### What to work on
Your response should consist of the entire listing, transcribed exactly, with every image left out.

### Information supplied
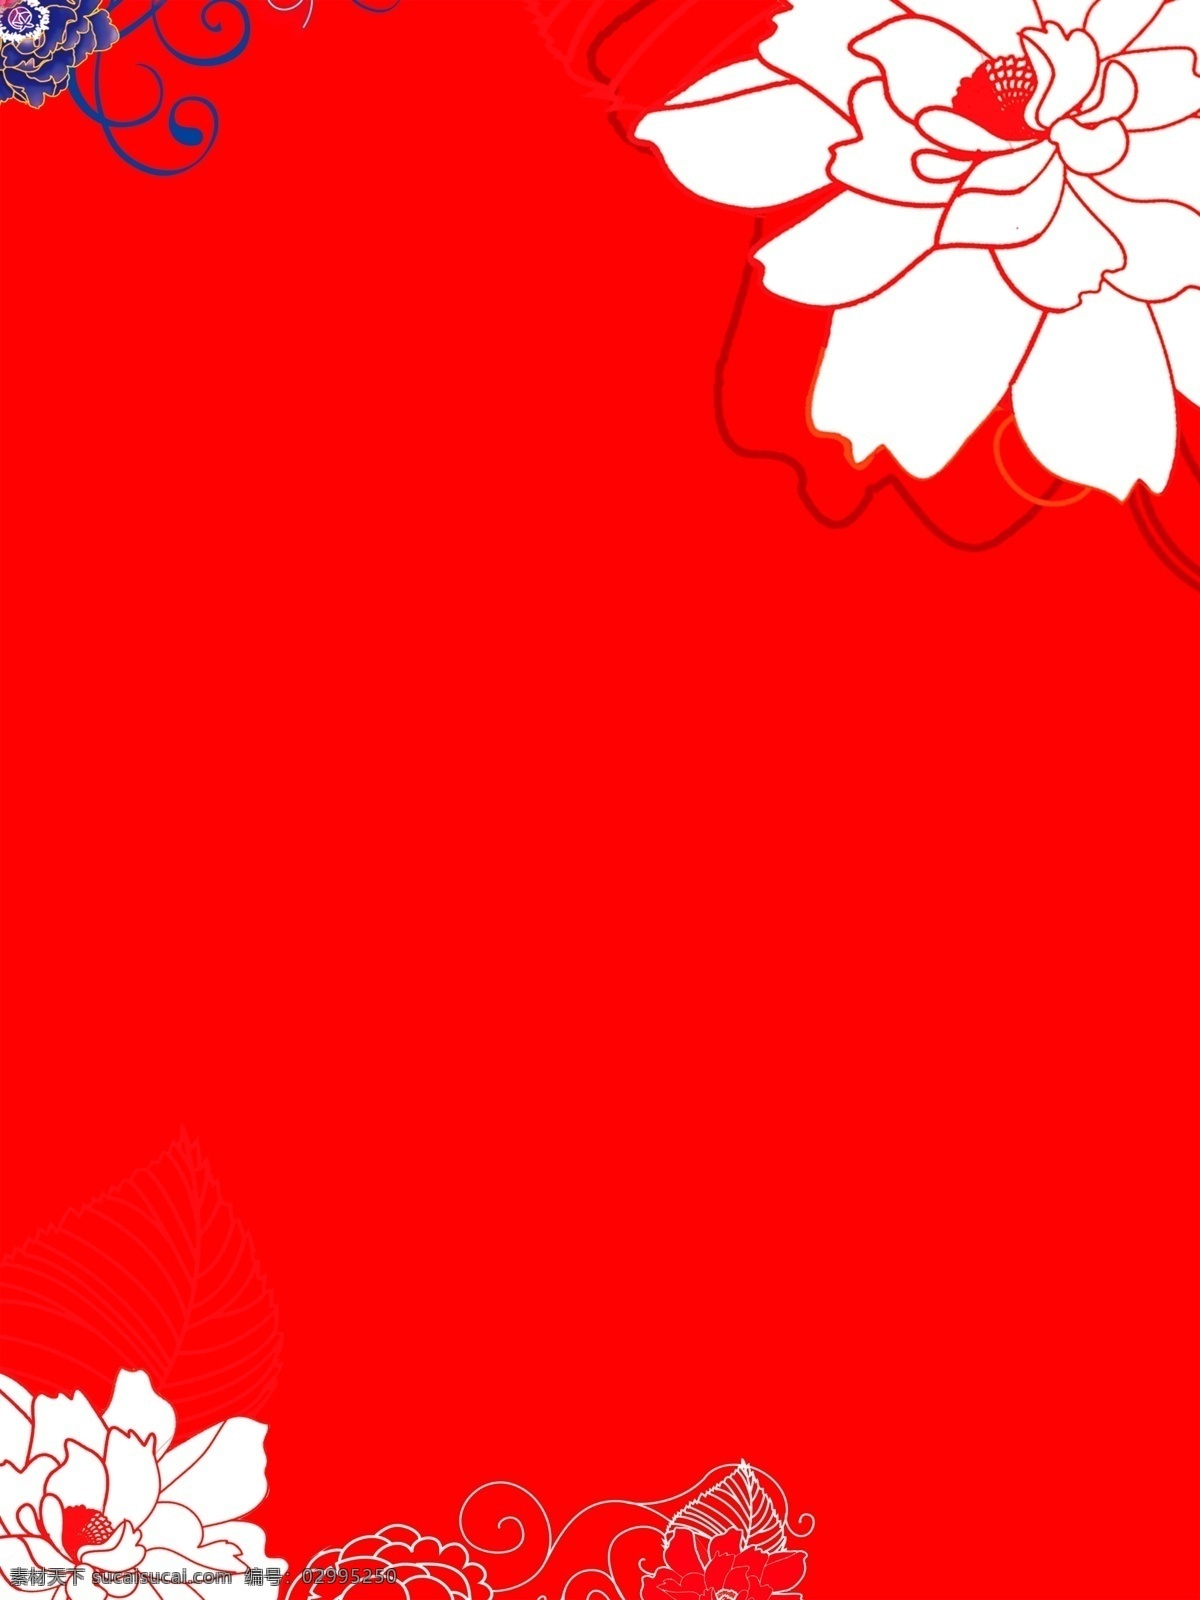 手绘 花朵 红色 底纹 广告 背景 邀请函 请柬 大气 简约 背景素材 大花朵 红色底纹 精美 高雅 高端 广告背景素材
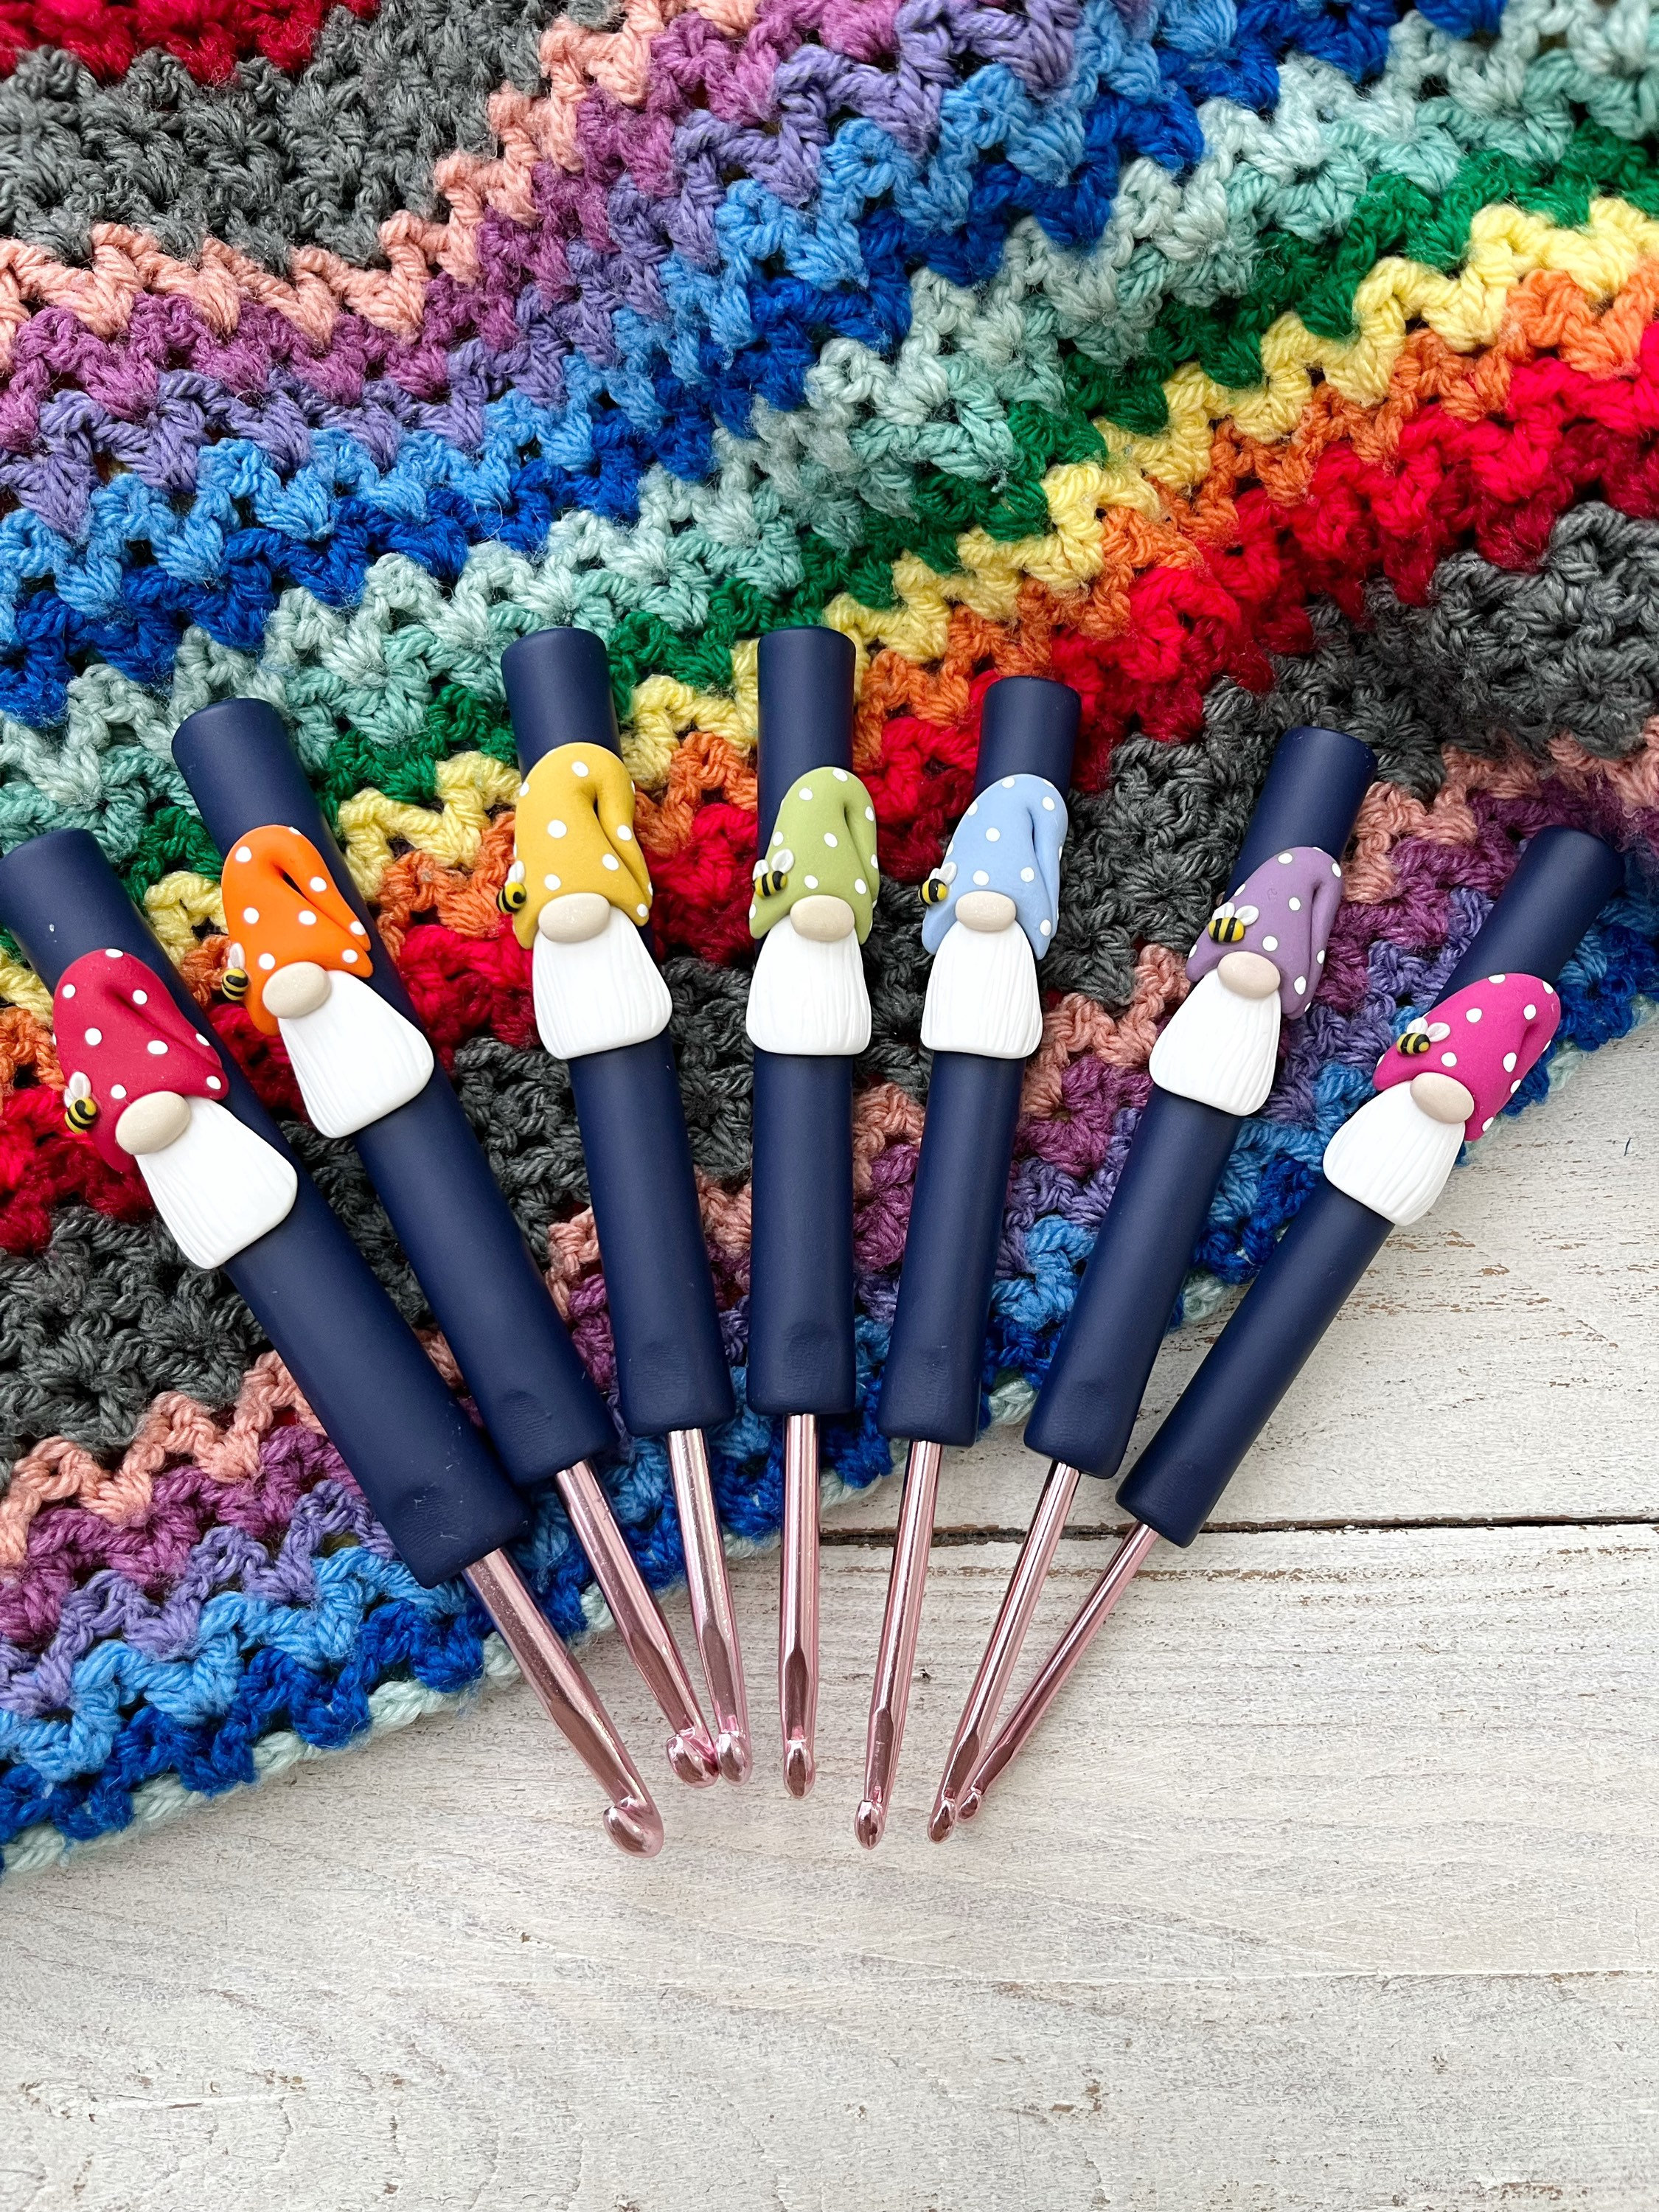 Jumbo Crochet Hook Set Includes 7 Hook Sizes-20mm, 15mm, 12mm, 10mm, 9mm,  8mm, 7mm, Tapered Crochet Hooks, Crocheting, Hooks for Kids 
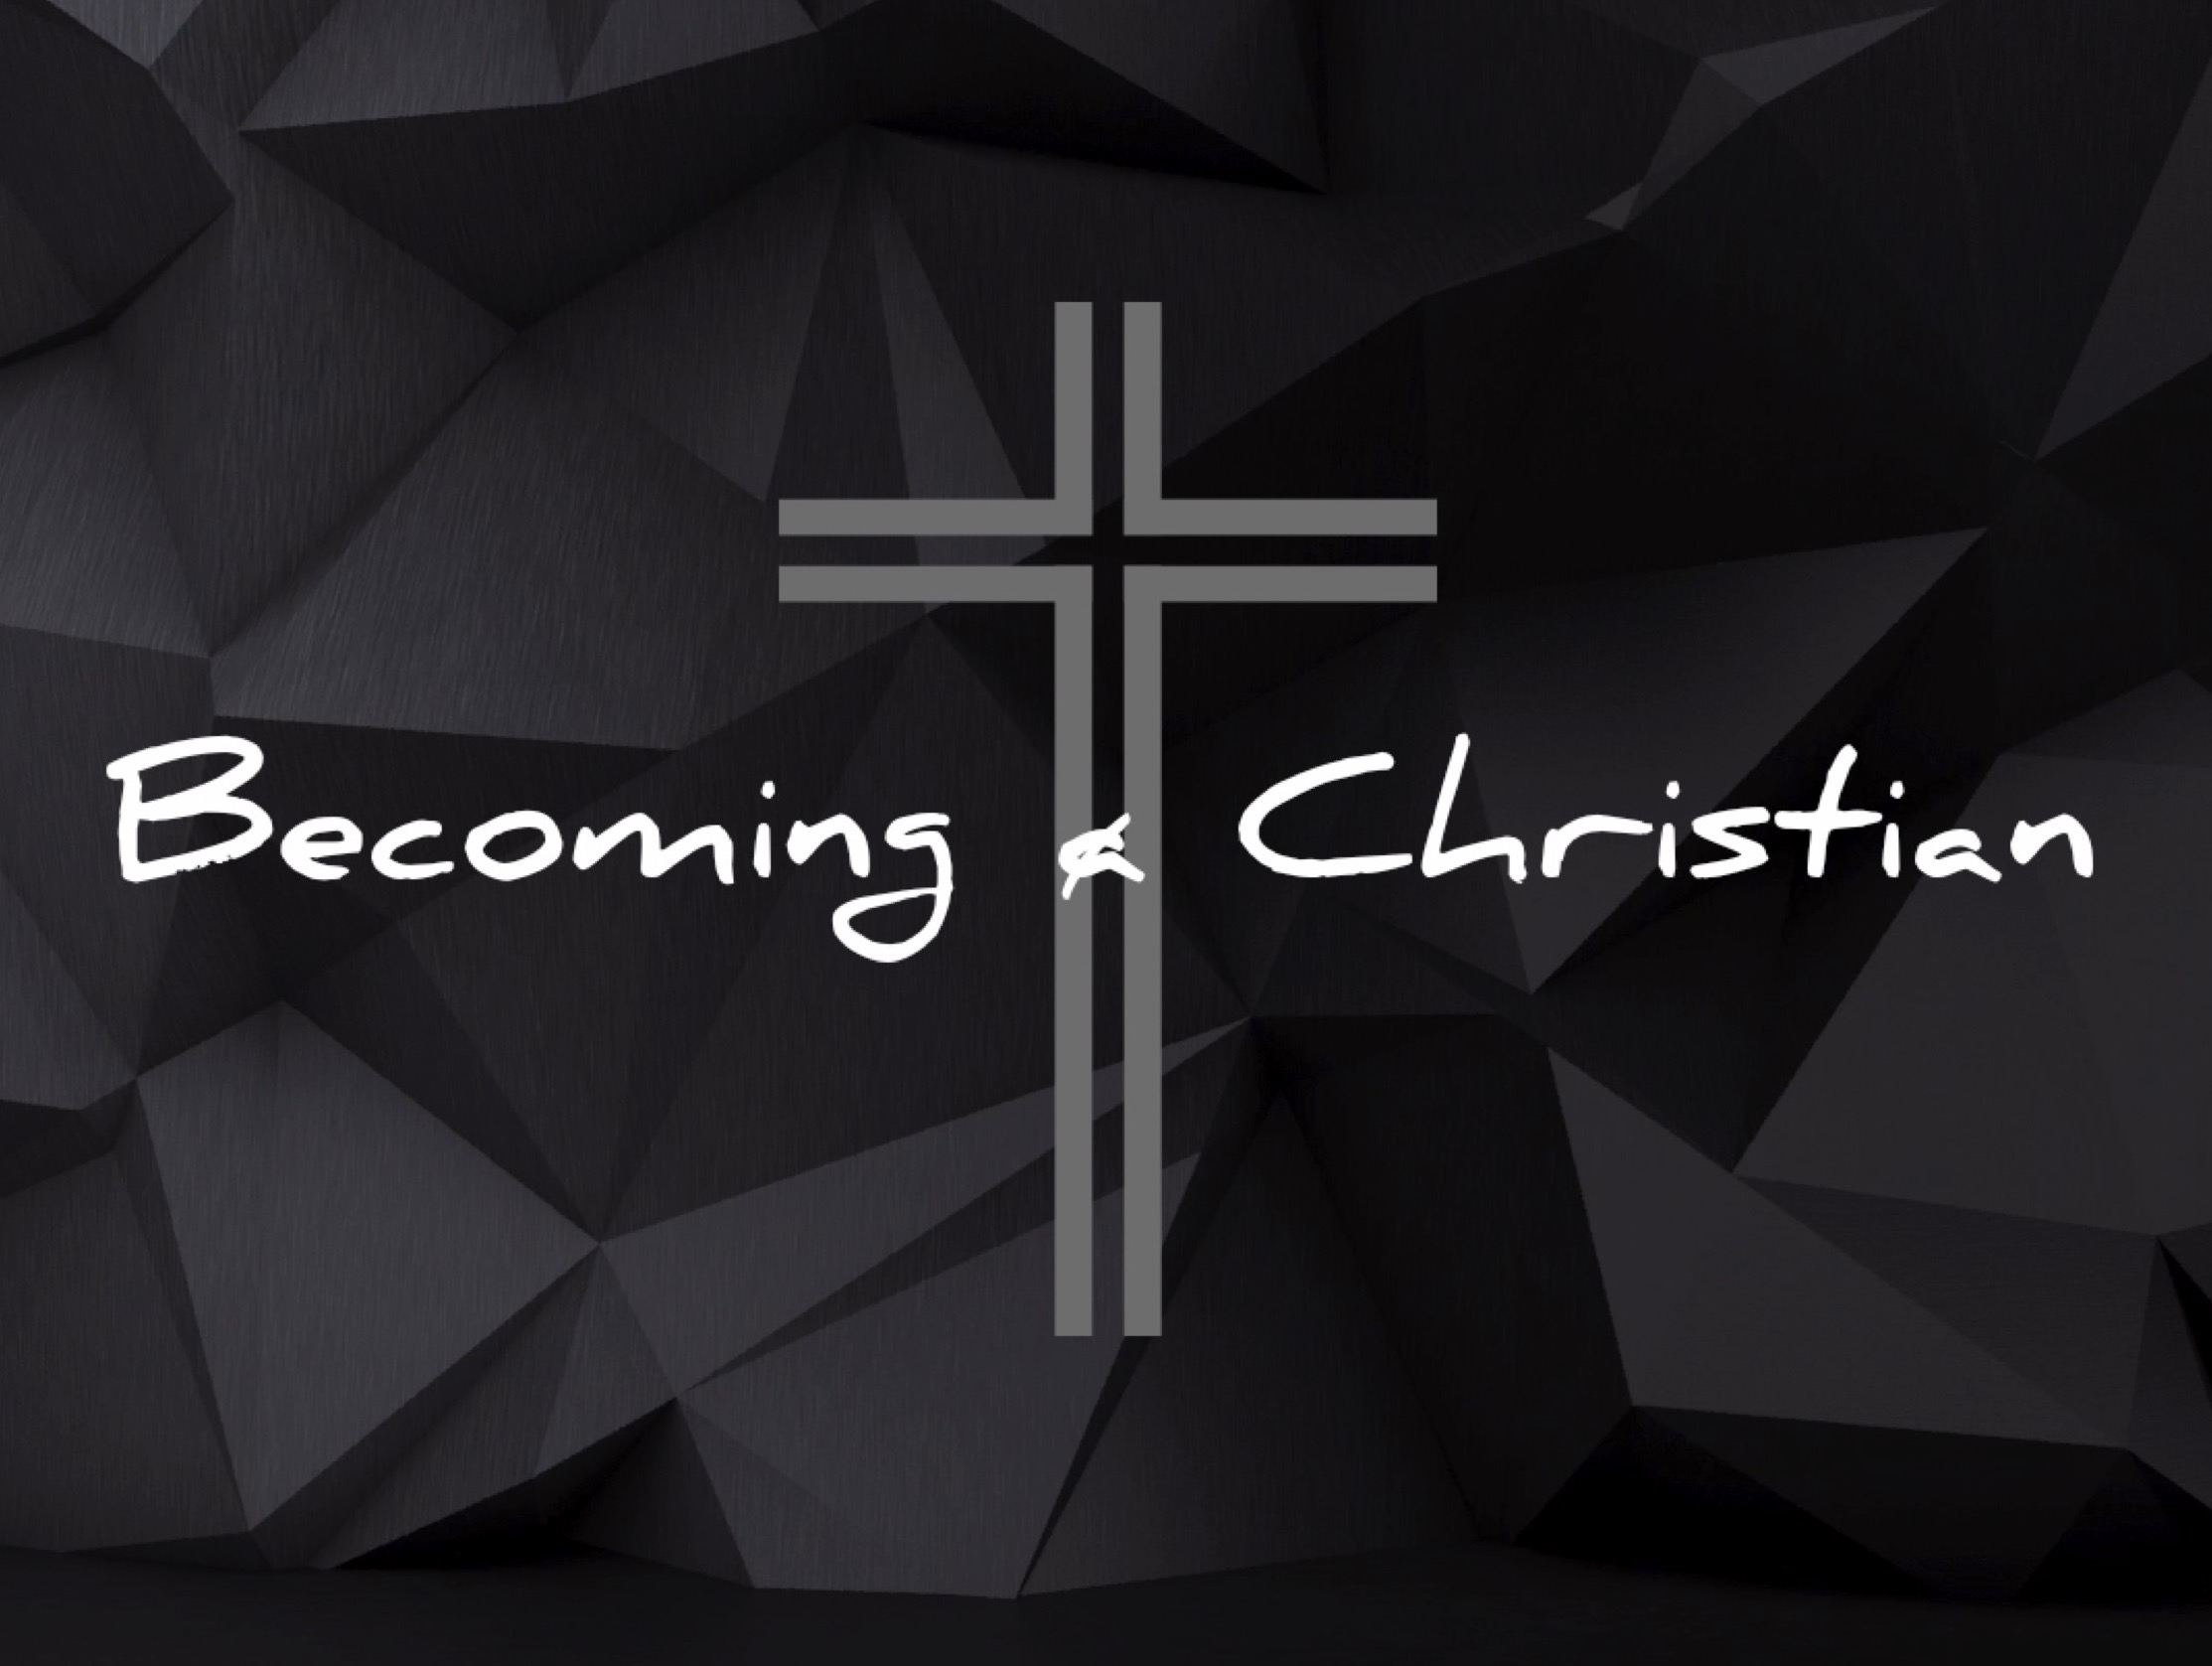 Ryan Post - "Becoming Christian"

### Solved exercise
 手绘 花朵 红色 底纹 广告 背景 邀请函 请柬 大气 简约 背景素材 大花朵 红色底纹 精美 高雅 高端 广告背景素材
 Jumbo Crochet Hook Set Includes 7 Hook Sizes-20mm, 15mm, 12mm, 10mm, 9mm,  8mm, 7mm, Tapered Crochet Hooks, Crocheting, Hooks for Kids 
 Ryan Post - "Becoming Christian"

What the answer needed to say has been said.